## PROBLEM
Please set down the data word for word; images do not go in the copy.

## SUPPLIED MATERIAL
►

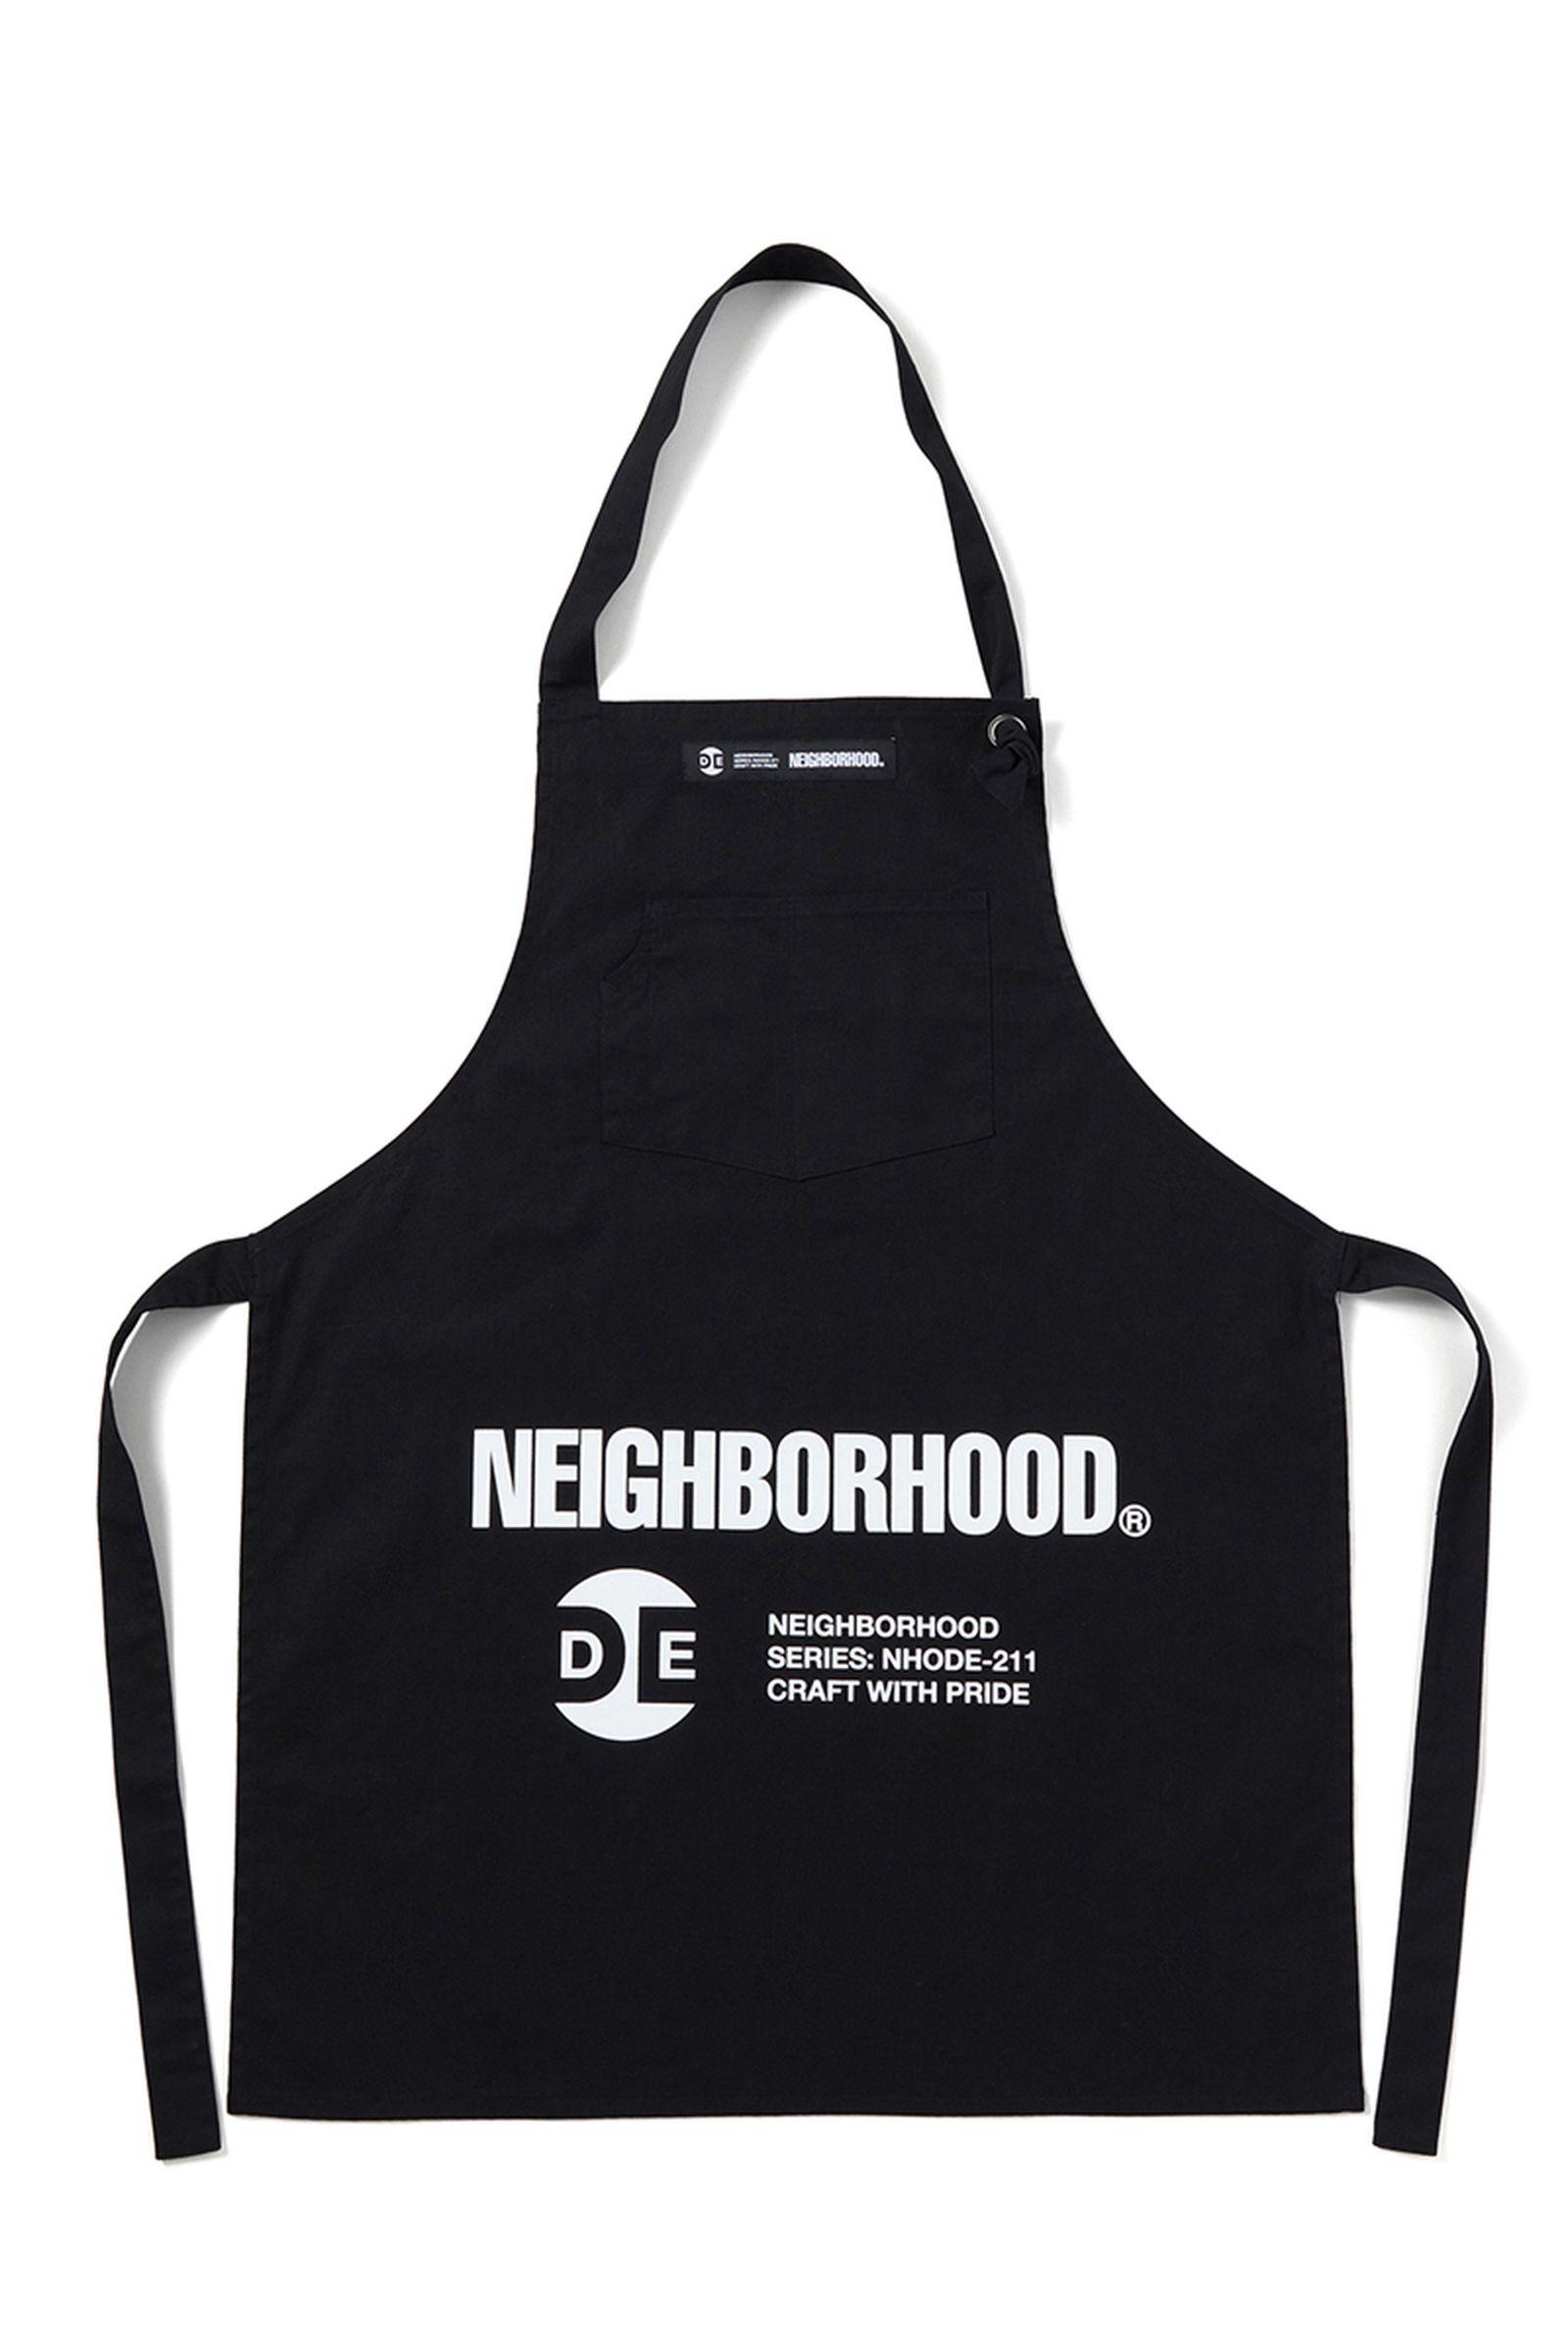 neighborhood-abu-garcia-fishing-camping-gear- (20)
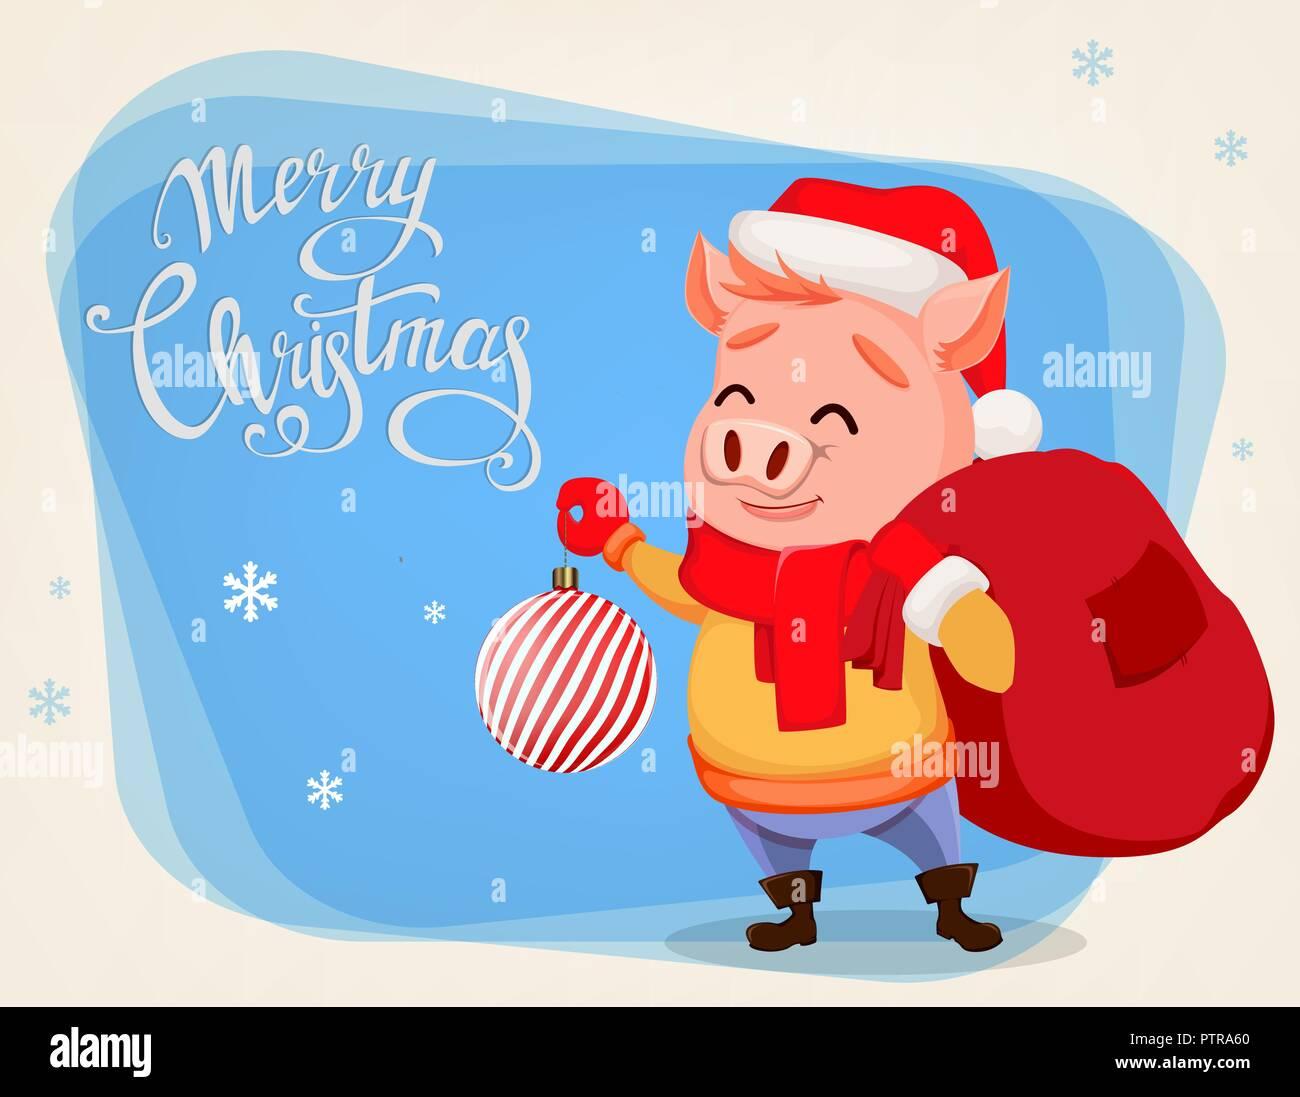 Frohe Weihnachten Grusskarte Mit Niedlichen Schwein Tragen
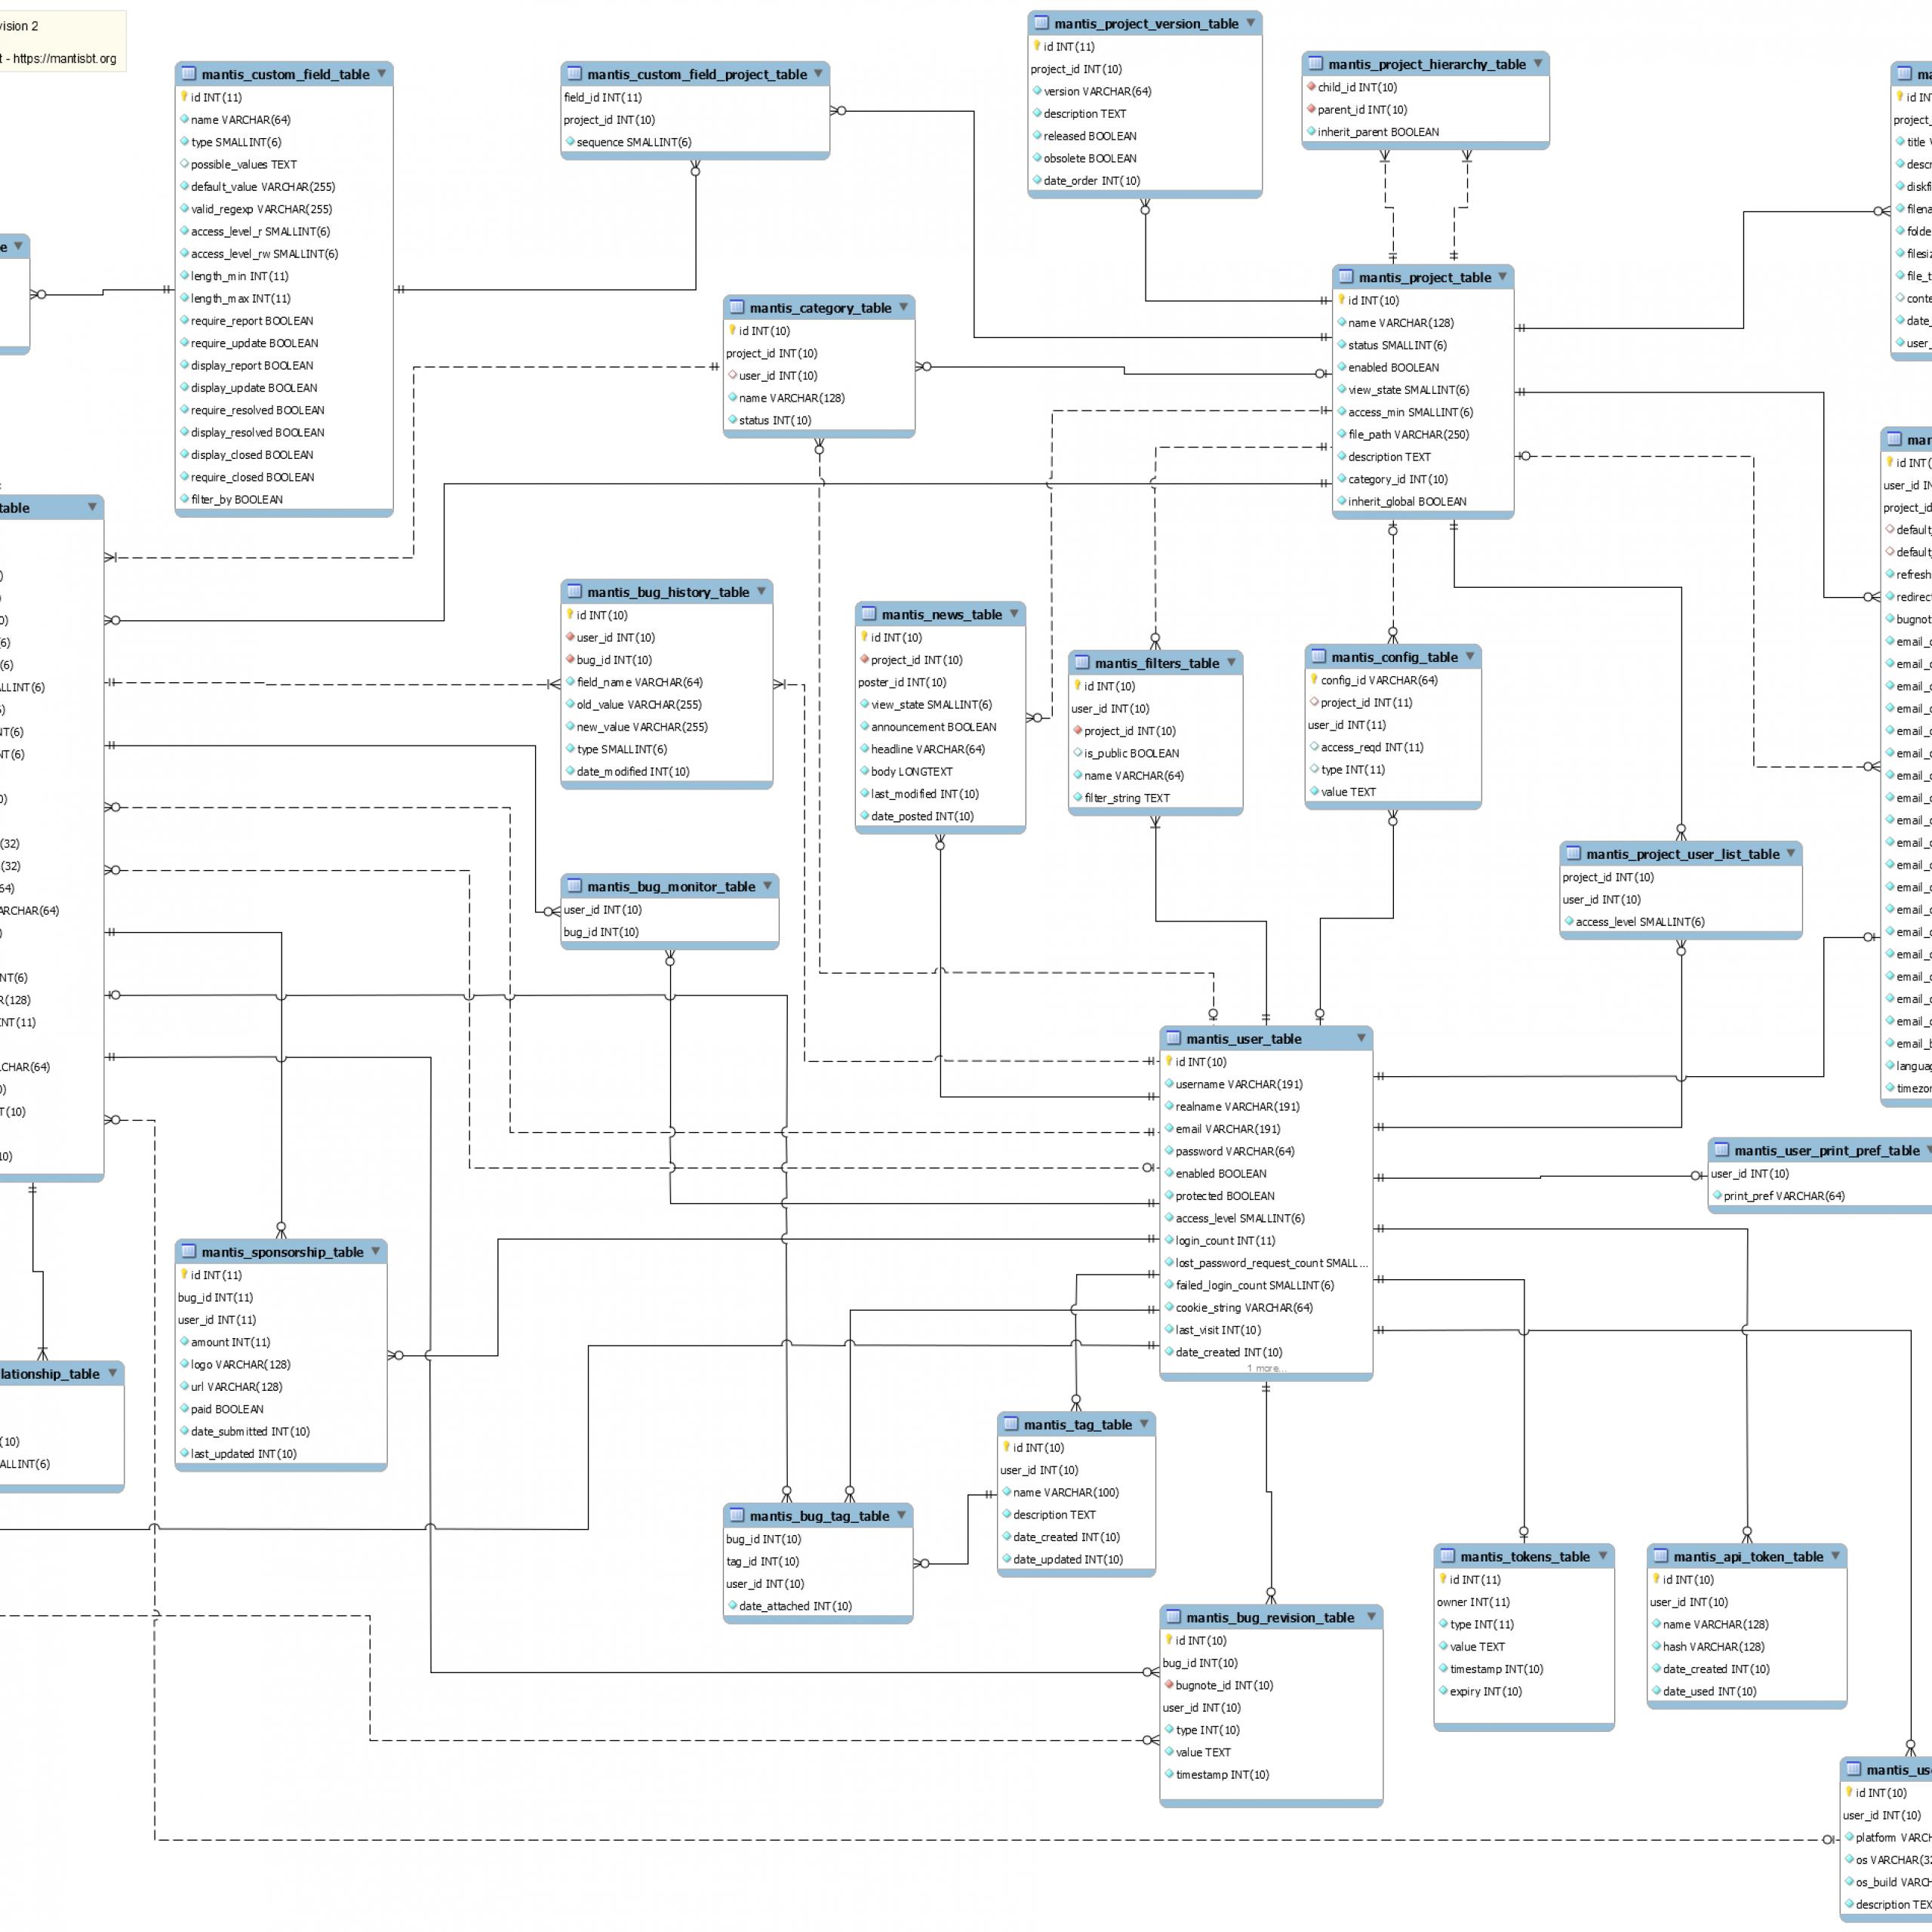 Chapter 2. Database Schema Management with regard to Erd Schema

◄

## RESULT FOR THIS TASK
 neighborhood-abu-garcia-fishing-camping-gear- (20)
 Frohe Weihnachten Grusskarte Mit Niedlichen Schwein Tragen
 Chapter 2. Database Schema Management with regard to Erd Schema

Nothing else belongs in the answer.